# Need help Vag-Com with transmission faulty codes



## vwetish (Feb 1, 2008)

*Need help with transmission faulty codes Vag-Com*

These are the faulty codes my transmission throws.

Tuesday,19,October,2010,20:15:20:43381
VCDS Version: Release 10.6.1
Data version: 20100831


Address 02: Auto Trans Labels: 09G-927-750.LBL
Control Module Part Number: 09G 927 750 HJ HW: 09G 927 750 CJ
Component and/or Version: AQ 250 6F 1068
Software Coding: 0000000
Work Shop Code: WSC 02130 444 82889
VCID: 8004F71EAA71
3 Faults Found:

17104 - Transmission Output Speed Sensor (G195): Circuit Malfunction 
P0720 - 012 - Electrical Fault in Circuit - MIL ON
Freeze Frame:
Fault Status: 10101100
Fault Priority: 2
Fault Frequency: 1
Reset counter: 44
Mileage: 104552 km
Time Indication: 0
Date: 2010.10.19
Time: 16:39:08

17099 - Transmission Input Speed Sensor (G182): Circuit Malfunction 
P0715 - 012 - Electrical Fault in Circuit - MIL ON
Freeze Frame:
Fault Status: 10101100
Fault Priority: 2
Fault Frequency: 1
Reset counter: 44
Mileage: 104553 km
Time Indication: 0
Date: 2010.10.19
Time: 16:39:41

00300 - Transmission Fluid Temp. Sensor (G93) 
010 - Open or Short to Plus - Intermittent
Freeze Frame:
Fault Status: 00101010
Fault Priority: 2
Fault Frequency: 1
Reset counter: 197
Mileage: 104556 km
Time Indication: 0
Date: 2010.10.19
Time: 16:44:31


It is shifting normal. I think. Not sure. Did not drive hard.
This is how it happened:
I was doing 55-60mph. Traffic slow down so I hit the brakes but not really hard. Slowed down to 20mph. At this pint the engine jerked, just ones. I drove it home. Not even 2 miles. When I was shifting from D to P through N and R the engine/transmission jerked just like there is bad engine/transmission mount.
When I shut her down and star up again throw MIL.
Please help. Thanks


----------



## rswilson (Aug 22, 2007)

the harsh shift from d to p is caused by the transmission being in limp in mode. was P,R,N,D,S all lit up? one thing to try is under the vehicle on the front of the transmission there are two connectors. Unplug them and see if they are full of fluid. clean it out if fluid is found and clear the faults. If the faults stay away this is most likely your issue. There may also be some TSB's out for your vehicle, your dealer would have to look in to it. Tell them you noticed a harsh downshift after extended highway driving.


----------



## vwetish (Feb 1, 2008)

*Yes they are all lid.*

You are the second person giving mi this advice to check the connectors and the harness it self.
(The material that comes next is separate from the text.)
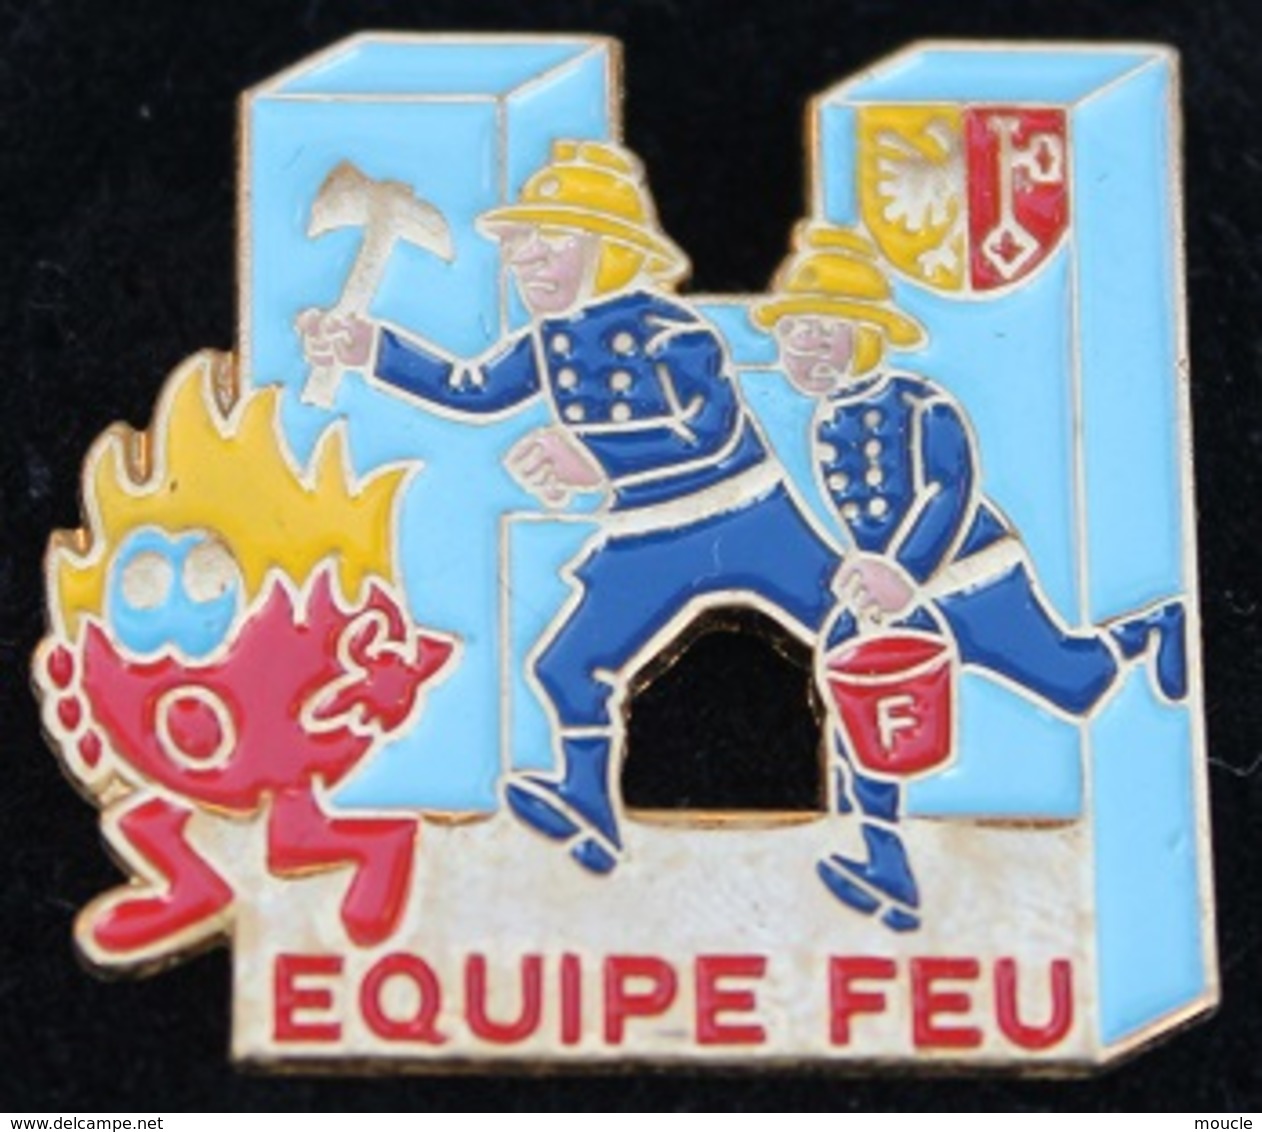 SAPEURS POMPIERS DES HUG - HÔPITAL UNIVERSITAIRE DE GENEVE - EQUIPE FEU - SUISSE -      (21) - Brandweerman

I wash the car yesterday but I did not wash the engine bay. The engine and the transmission feel loose. The transmission mount on the driver side has too much play. I have replace the one on the bottom aka dog-bone last year. I will check the wires and the connectors definitely. Thanks for taking you time and providing my with advice.


----------



## vwetish (Feb 1, 2008)

*problem solved*

Thanks for the good advise!
I checked the harnesses and the smaller one listed in as 8pin but actually has only 6 wires was full with transmission fluid. Apparently the _-ring went bed due to high temperatures.
It is $150 but to replace it you need to drain all the oil.
While you at it is good to replace the filter and the gasket.
All together around $300 to $350 for DIY.
Thanks again.


----------



## vwemporium (May 27, 2002)

Clear DTC's and re- ADP the trans.

dont forget 01-04-060 and 063


----------



## vwetish (Feb 1, 2008)

*What is 01-04-060 and 063?*



vwemporium said:


> Clear DTC's and re- ADP the trans.
> 
> dont forget 01-04-060 and 063


 
What is 01-04-060 and 063? 
I just clear the DTC's. 
Put 100miles this weekend with no issues.


----------



## Dana @ Ross-Tech (Sep 15, 2009)

vwetish said:


> What is 01-04-060 and 063?
> I just clear the DTC's.
> Put 100miles this weekend with no issues.


 http://wiki.ross-tech.com/wiki/index.php/Throttle_Body_Alignment_(TBA) 

http://www.ross-tech.com/vag-com/cars/autotrans.html


----------



## vwetish (Feb 1, 2008)

*TBA, why?*

* The vehicle's battery has been disconnected and re-connected 
* The ECU has been removed and reinstalled 
* The Throttle Body has been cleaned or removed and reinstalled 
* The Accelerator Pedal has been removed and reinstalled 

None of these took place. 
Why should I do TBA then? 
Do not get it


----------



## vwetish (Feb 1, 2008)

*Same with this*

: 

Basic Settings should be performed on an Automatic Transmission after: 

* 

Engine replacement . 
* 

ECU replacement 
* 

Throttle Valve adjustment 
* 

TPS replacement 
* 

TPS adustment 
* 

TCM Replacement 

None of these took place. 
I drove my car every day and have not notice anything out of the ordinary. 
This set up is recommended or is mandatory?


----------